Dengan tingkat produksi rata-rata 400 juta ton per tahun, umur cadangan batu bara lndonesia diperkirakan kurang lebih 70 tahun.

Data yang berbeda ditunjukkan dari hasil respon terhadap 30 perusahaan yang dilakukan pada awal 2016 oleh Asosiasi Pertambangan Batu Bara Indonesia (APBI) yang bekerjasama dengan PwC Indonesia menunjukkan cadangan batu bara Indonesia sekitar 8,6 miliar ton.

“Keakuratan data tersebut memerlukan eksplorasi yang lebih detil, namun survei tersebut dapat menjadi masukan bagi pemerintah bahwa masalah peningkatan cadangan batu bara merupakan hal yang sangat krusial bagi kelangsungan pasokan batu bara dalam negeri,” ungkap Irwandy Arif, Ketua Indonesia Mining Institute (IMI) di Jakarta, belum lama ini.

Dia menambahkan pada 2016, khususnya hingga kuartal III, harga batu bara masih mengalami tren yang menurun dengan harga batubara acuan (IIBA) rata-rata di periode tersebut sekitar US$51,84 per ton.

Harga batu bara kemudian mulai membaik pada kuartal IV, bahkan pada Desember 2016, IIBA sempat menyentuh level US$101,7 per ton.

Kenaikan harga batu bara dipicu oleh kebijakan pemerintah China melalui National Development & Reform Commission (NDRC).

Pemenuhan kebutuhan batu bara domestik mengalami peningkatan.
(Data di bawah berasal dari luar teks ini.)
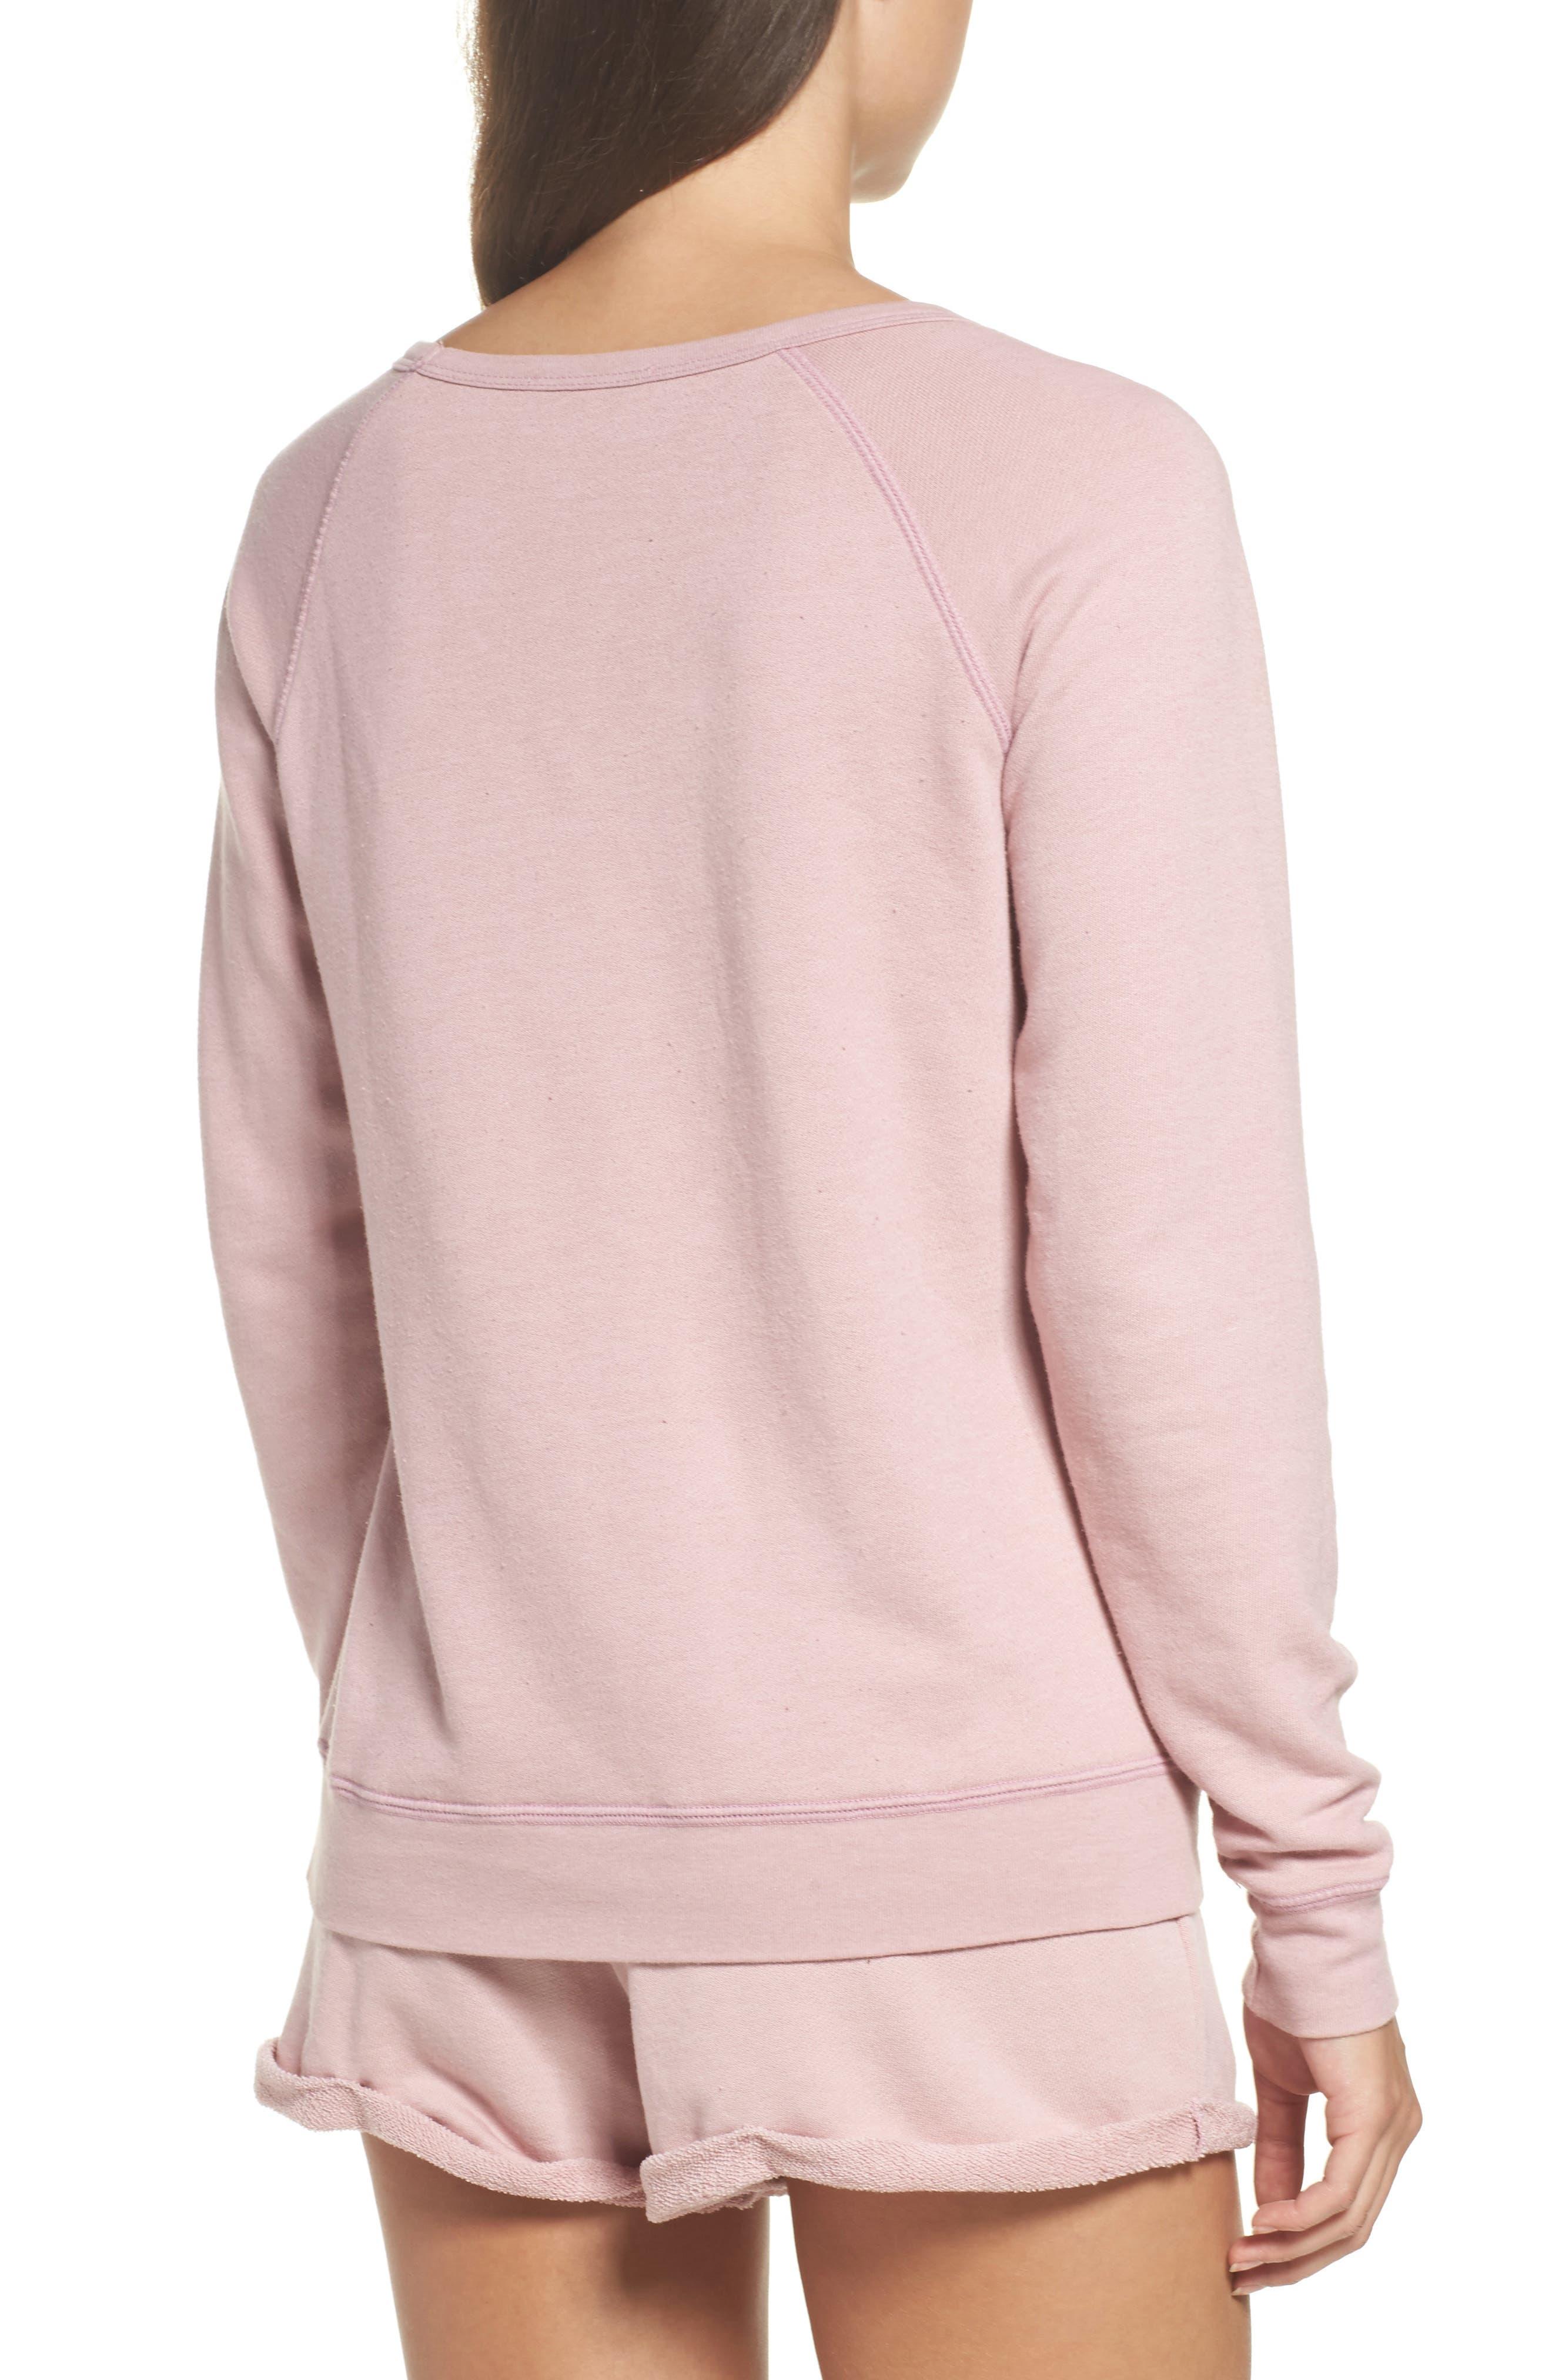 Alternate Image 2  - Junk Food Stay-Cation Sweatshirt

Realisasi pada tahun 2016 sebesar 90,5 juta ton atau lebih besar dari target sebesar 86 juta ton.

“Penyebabnya, adanya peningkatan kebutuhan batu bara PT PLN (Persero) dari 70,8 juta ton menjadi 75,4 juta ton terkait dengan adanya proyek kelistrikan 35 GW,” ujar Irwandy.
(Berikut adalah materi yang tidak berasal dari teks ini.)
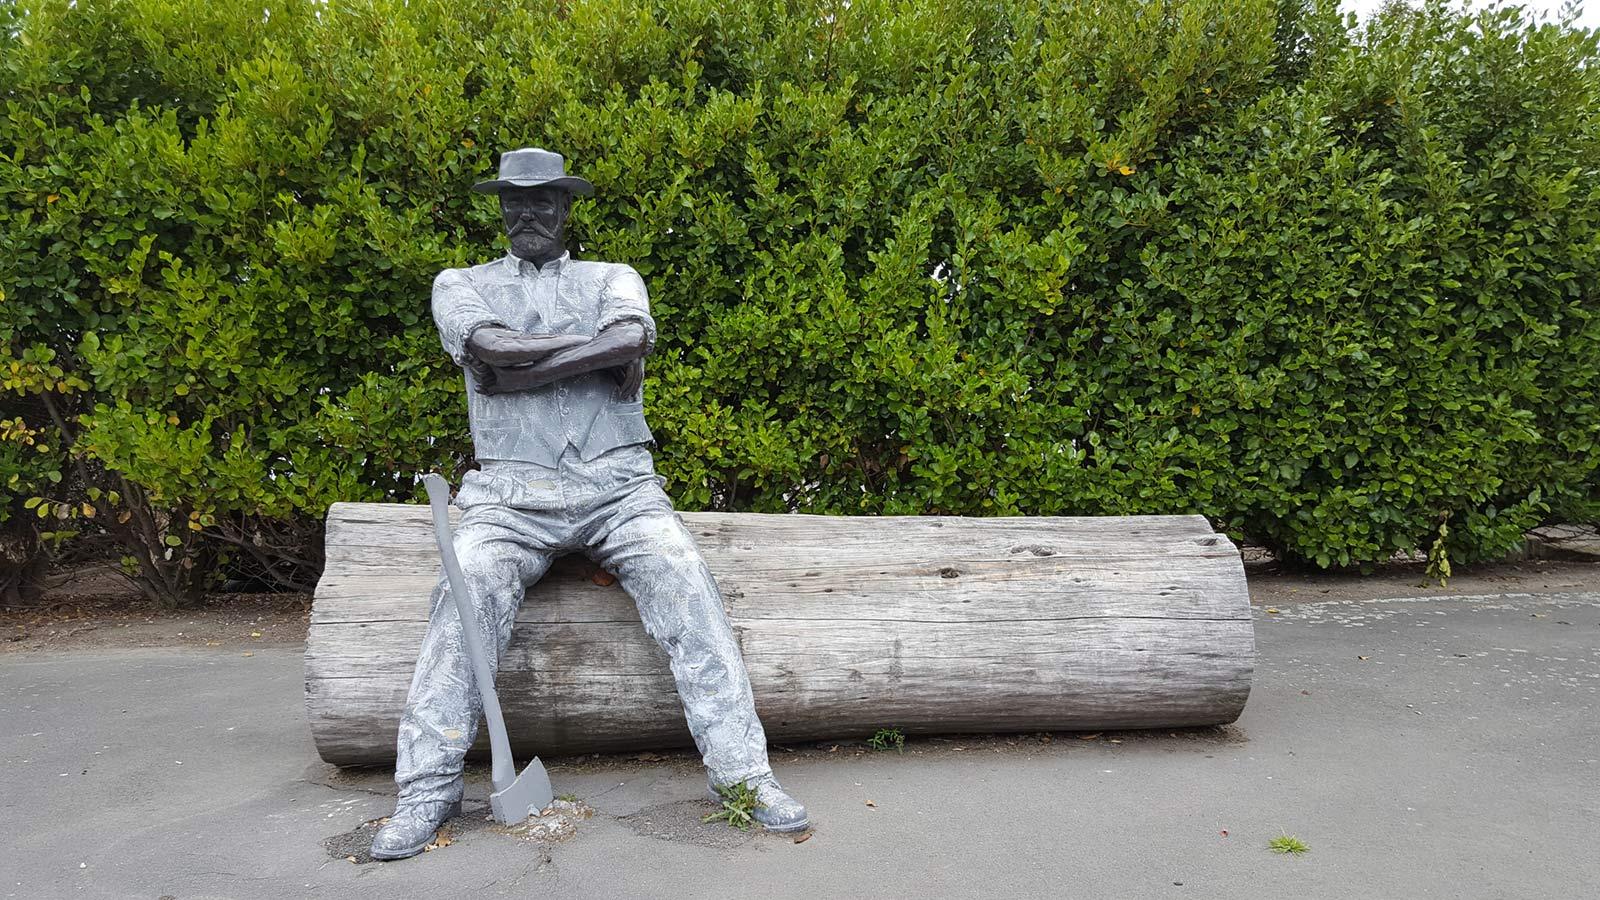 The Bushman Sculpture

Harga batu bara di kuartal I mengalami tekanan sehingga anjlok dari level diatas US$100 per ton ke level US$80 per ton.

Berdasarkan data International Energy Agency (IEA), di China dan India batu bara masih menjadi sumber energi utama dalam bauran energi, walaupun porsinya semakin berkurang dalam beberapa puluh tahun ke depan.

Di China porsi batu bara mencapai 60% (2015) dan akan berkurang menjadi 47% (2035). Sementara itu, di India porsi batu bara akan berkurang drastis dari level 61% (2015) menjadi 44% (2030).

Sementara itu, dari data Dewan Energi Nasional (DEN) diketahui bahwa porsi batu bara dalam bauran energi lndonesiasebesar 26% (2015) dan akan meningkat ke level 30% (2025).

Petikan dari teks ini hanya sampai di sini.